Here, in the first 'if' condition, why do they have 'L' after 2? taking 'L' out seems to run the code just fine.

Answer 1

In this case there is no need for it.

The L indicates a long value which means it reserves more space just your calculation will go beyond the range of a normal integer.

Answer 2

The L suffix is used to signify that a number literal is of type long int. Normally it is not necessary if you are just assigning the value to a variable, since, as for C++11 §2.14.2 ¶2 (and in particular table 6), a decimal integer literal without suffix will be of the first type that can represent it between int, long int or long long int.¹

So, you don't risk to have the value itself truncated; but:

1. you do have a certain degree of uncertainty about the type of the literal (32768 may be an int or a long, depending from the platform/compiler);
2. you may inadvertently get a literal of the wrong type for your specific expression.

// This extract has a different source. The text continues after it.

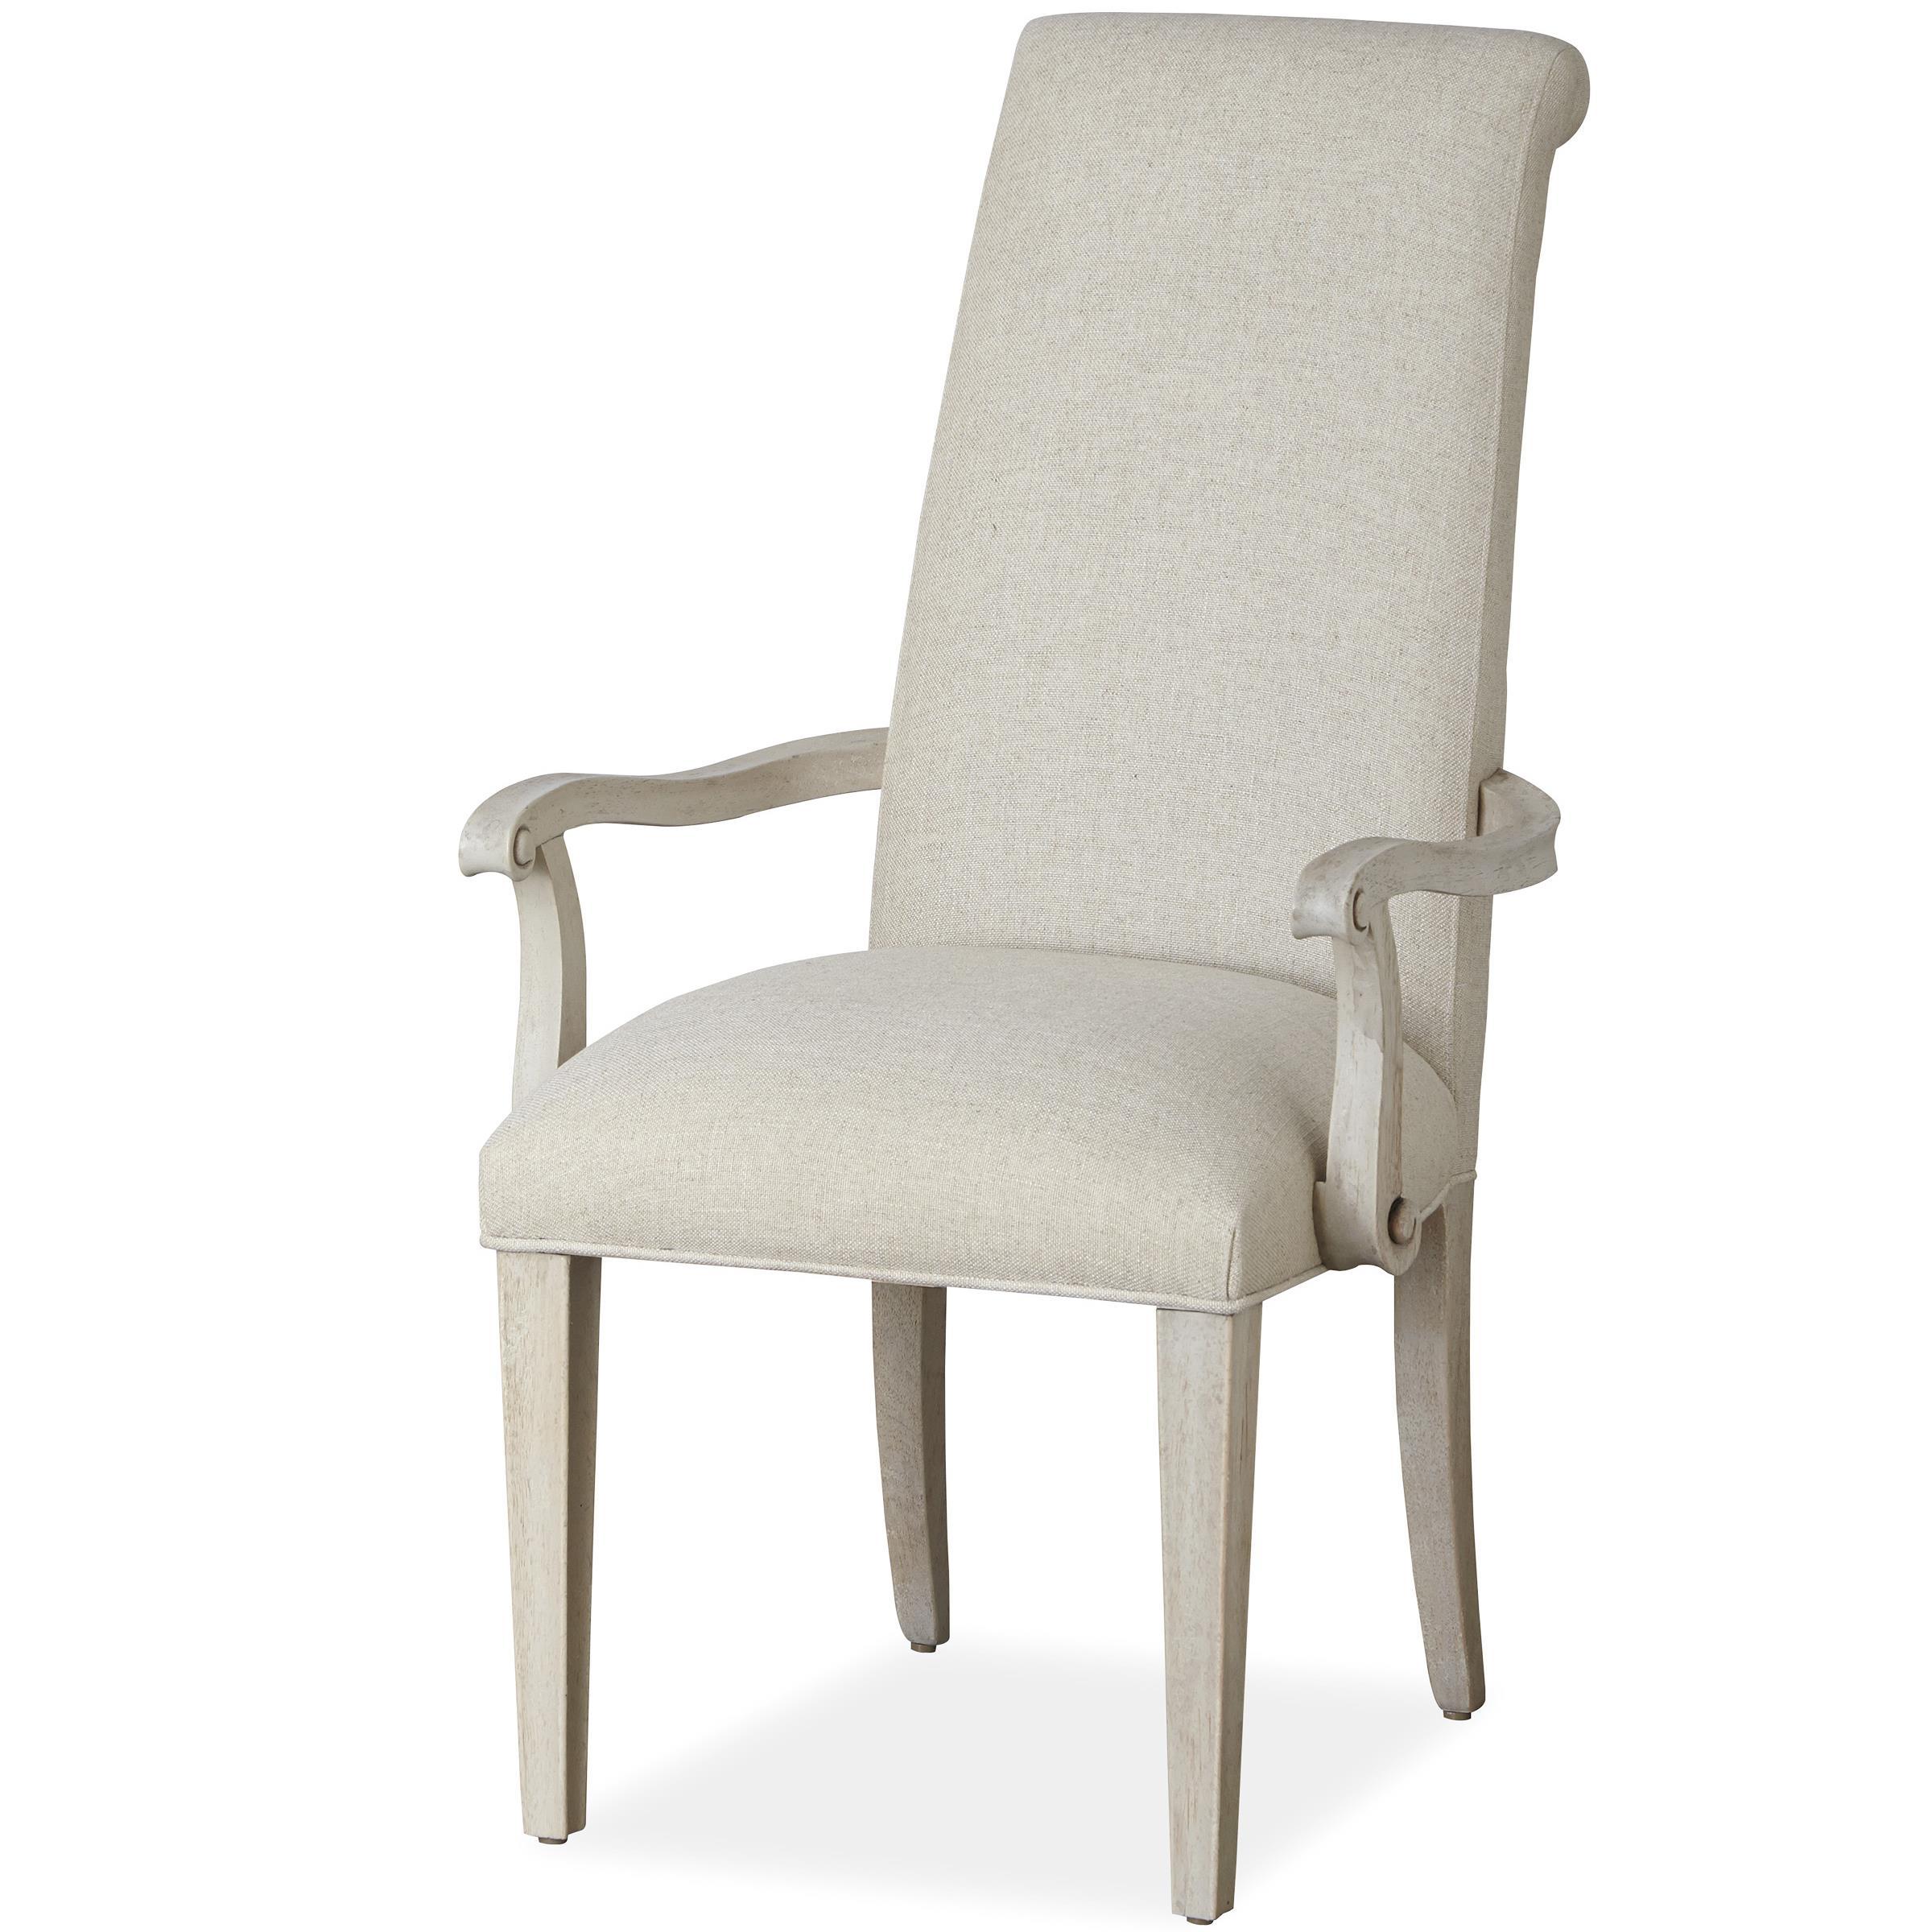 Universal California - Malibu Arm Chair - Item Number: 476639-RTA

So, you need to specify L instead in contexts where you want to be sure that the type of the literal is long (or bigger); two important cases come to mind:

• resolving overloads; if you have two overloads of a function, one for int and one for long, and you want to be sure to call the long one even if you are passing a small number, you'll have to use a long literal;

  void foo(int);
  void foo(long);
  
  foo(1);      // <-- will call the first overload
  foo(1L);     // <-- will call the second overload
  foo(32768);  // <-- may call the first or the second overload, depending
               //     from the specific platform
  foo(32768L); // <-- will call the second overload
  

• but most importantly: avoid surprises when doing arithmetic; if you perform e.g. a multiplication like this:

  int a;
  ...
  long v=32767*a; // don't let the "long" fool you - 32767*a is evaluated as an int!
  

  32767 is an int literal (since it's small enough to fit an int), a is an int, and the result will be an int, even if you are assigning to a long. This may be a problem if a can be big enough to overflow your calculation; by specifying a long literal, you guarantee that you'll perform a long multiplication.

  long v=32767L*a; // now we are doing all the math with longs
  

  (This problem is actually way more frequent with division and FP literals, where often you have to specify double or float literals to get the intended "real division" behavior)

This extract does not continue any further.